The fact that NEJM published Dr. CaBot’s diagnosis in this legendary series—for the first time ever with an AI—signals that artificial intelligence has definitively entered the highest circles of medical reasoning.

The Patient Case: A Complex Medical Puzzle

The specific patient who inspired the NEJM publication was a 36-year-old male admitted to Massachusetts General Hospital presenting with a tricky combination of symptoms: abdominal pain, fever, and hypoxemia (dangerously low blood oxygen)—precisely the type of multisystem presentation that can confound even experienced diagnosticians.

Dr. CaBot not only reached the correct diagnosis but presented its reasoning through both written analysis and a narrated 5-minute slide presentation, matching the format human experts use when presenting at CPC conferences.

Not Ready for Your Hospital Yet

Importantly, Dr. CaBot is not yet deployed clinically. The system is designed for medical education and research, not for diagnosing real patients in hospitals—yet. The Harvard team is currently:

  • Demonstrating the system at Boston-area hospitals to gather expert feedback
  • Refining capabilities in weaker areas like image interpretation
  • Planning broader research applications

The Dataset They’re Releasing: CPC-Bench

In a move that could accelerate AI development across the entire medical field, the researchers are publicly releasing both Dr. CaBot and CPC-Bench—the massive physician-validated benchmark dataset spanning 102 years of medical cases and image challenges.

This is enormous. Medical AI researchers worldwide can now benchmark their systems against the same rigorous standards used in this Harvard study, enabling transparent comparison of progress.

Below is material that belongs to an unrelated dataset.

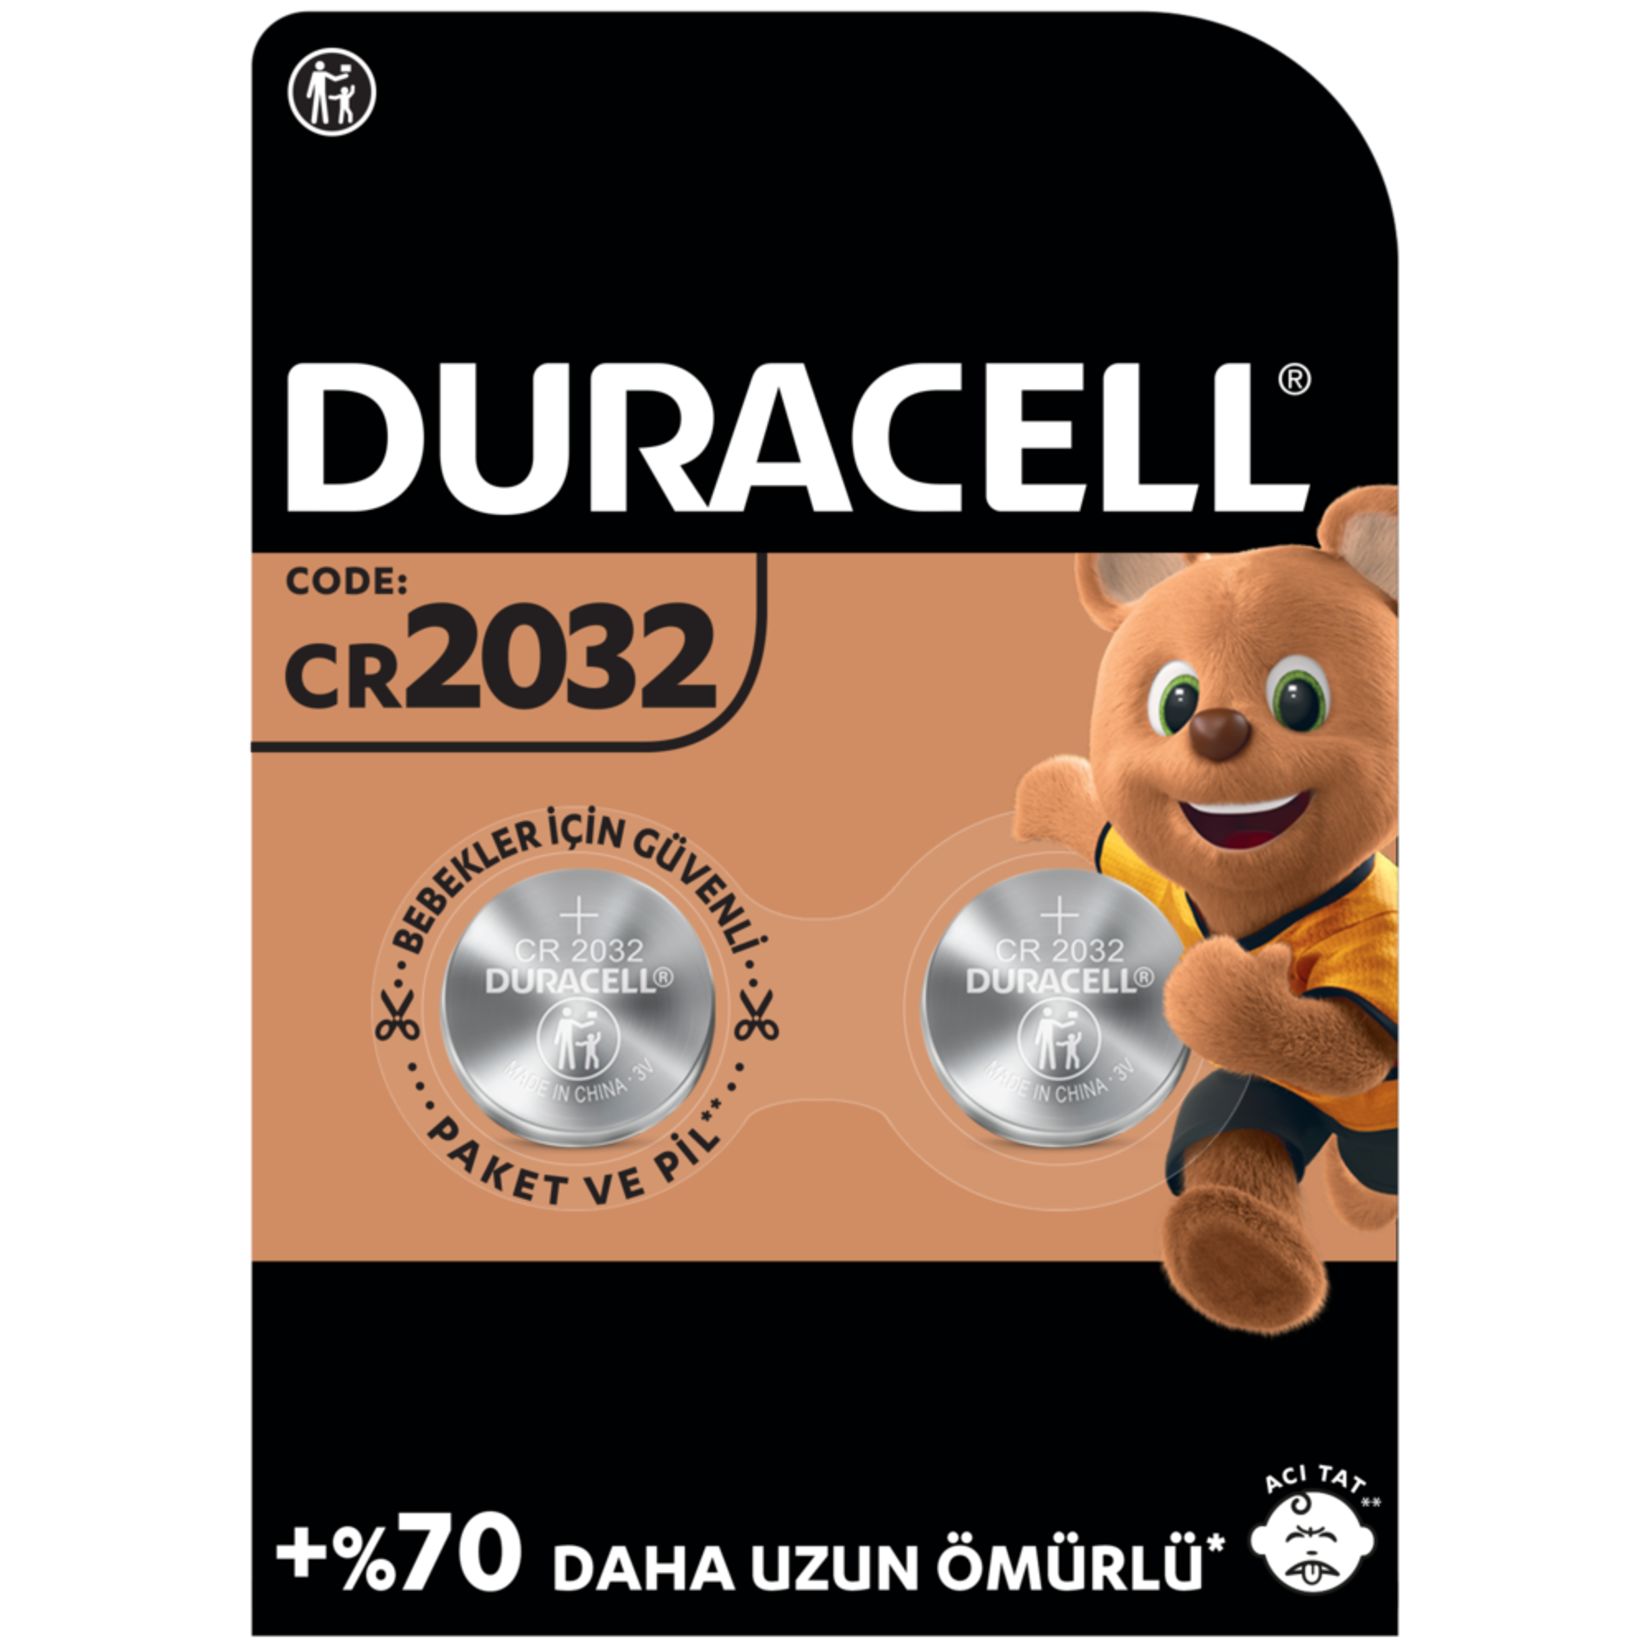 Duracell Özel 2032 Lityum Düğme Pil 3V (CR2032), 2’li Paket

What This Means for Medicine

For Medical Education:

  • Dr. CaBot could revolutionize how doctors are trained, providing unlimited patient cases with expert-level reasoning explanations
  • Students could learn from an AI that never gets tired, never judges mistakes, and always explains its reasoning

For Diagnostic Accuracy:

  • Physicians using AI assistance could catch diagnoses they might otherwise miss, particularly in rare disease presentations
  • The 98% accuracy in selecting the next diagnostic test means AI could optimize testing pathways and reduce healthcare costs

For Research:

  • CPC-Bench and Dr. CaBot provide the research community with standardized benchmarks for tracking AI progress
  • Researchers now have a century of validated medical cases to train and test new AI models

For Future Clinical Deployment:

  • The roadmap is clear: Improve image interpretation and literature retrieval, then pilot clinical testing
  • Within 3-5 years, AI diagnostic assistants like Dr. CaBot could be in hospital systems

The Team Behind the Breakthrough

The research was led by Arjun K. Manrai (Harvard Medical School) and Thomas A. Buckley (Harvard College/Kenneth C. Griffin School doctoral student), along with a 25-person authorship team including radiologists, pathologists, internists, and AI specialists from Harvard and external institutions. The paper lists additional NEJM CPC authors including Michael Hood, Akwi Asombang, and Elizabeth Hohmann.

The Bottom Line

Artificial intelligence has officially crossed the threshold from “interesting tool” to “genuinely outperforms human experts” in complex diagnostic reasoning. The question is no longer whether AI can diagnose diseases—it’s how quickly we can deploy it safely and ethically in clinical settings.

The publication in NEJM, backed by rigorous testing on over 7,000 historical cases and 377 contemporary cases, makes this unmistakable: AI diagnosticians are here, they’re better than doctors at differential diagnosis, and they’re about to transform medical education and practice.